Human Flesh develops a framework for exploring these questions based on Merleau-Ponty’s unfinished work on human evolution, combining it with contemporary research in phenomenology, embodied cognitive science, evolutionary anthropology, and primatology. It applies that framework to explore how the different senses and sensory organs take on their distinctively human variations to facilitate the intercorporeal, social human form of life. Along the way, the book interprets familiar facts about the human body in a new light and develops novel hypotheses concerning human evolution. In contrast to the widely discussed social brain hypothesis, its guiding premise is the social body hypothesis: the proposition that the human body has evolved in response to the challenges posed by the distinctively human social form of life.
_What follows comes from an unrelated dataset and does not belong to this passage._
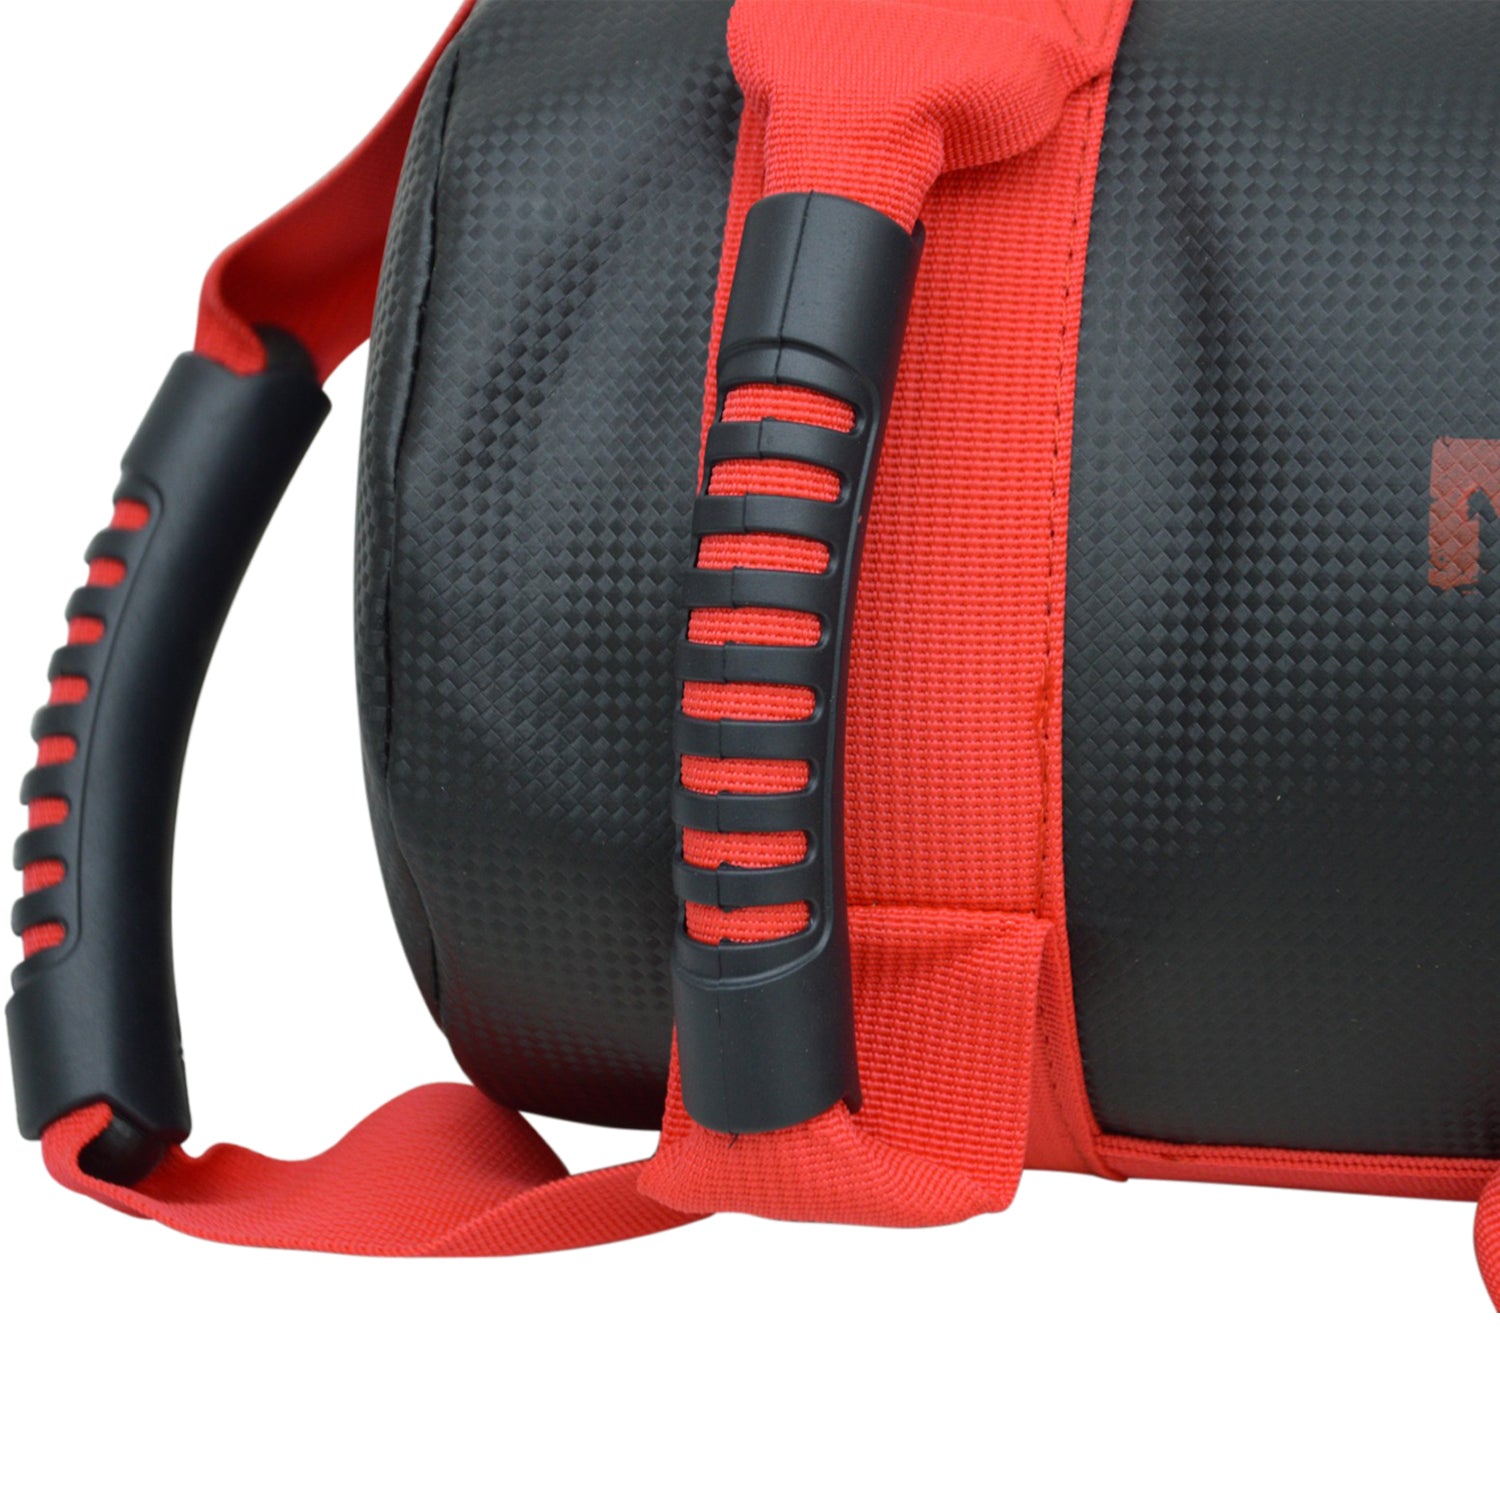 Weighted Training Bag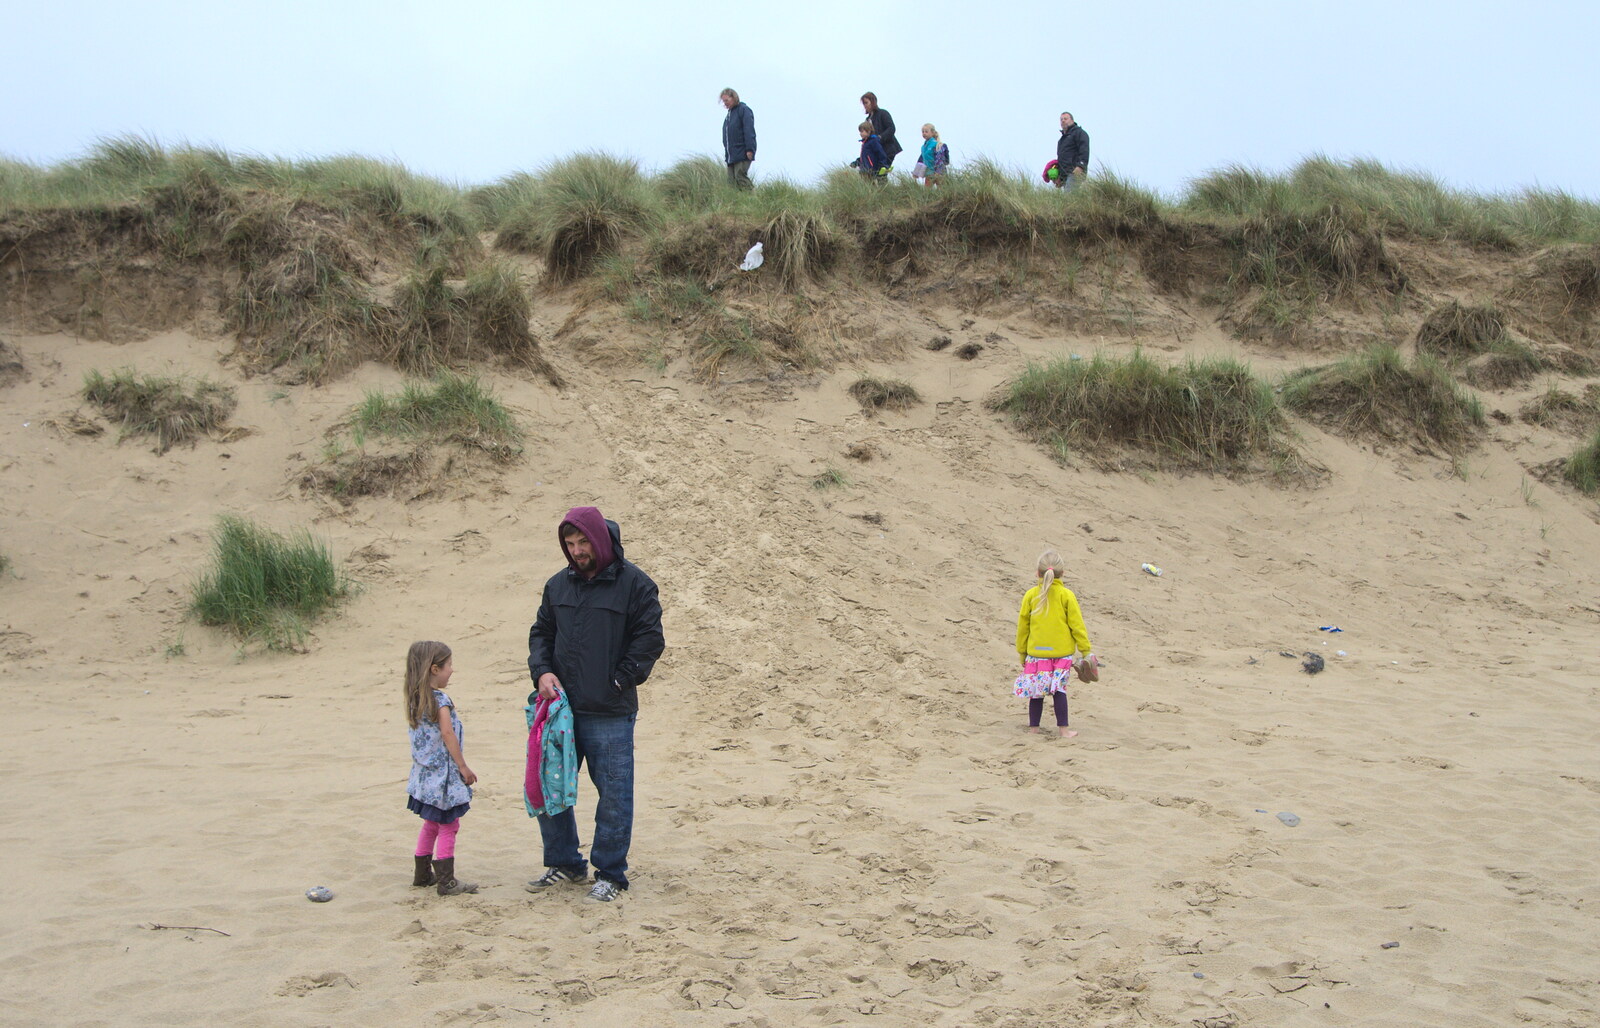 The rest of the gang join up from A Wet Weekend of Camping, Waxham Sands, Norfolk - 13th June 2015

Based on these concrete investigations into the human body, Human Flesh proposes a new way of thinking about familiar topics in the evolution of cognition literature, such as the emergence of higher orders of social cognition and the development of human symbolic and linguistic capacities. Ultimately, the book arrives at a new determination of human nature and the human form of life: To be human is to be Homo invisibilis, an animal obsessed with, adapted for, and dependent upon the invisible minds of other humans and the symbolic-cultural worlds opened up by their unique social bodies.
Author Biography
Hayden Kee is an assistant professor of philosophy at the Chinese University of Hong Kong. His research focuses on phenomenology and embodied cognitive science. His work has recently appeared in Phenomenology and the Cognitive Sciences, Synthese, and Continental Philosophy Review.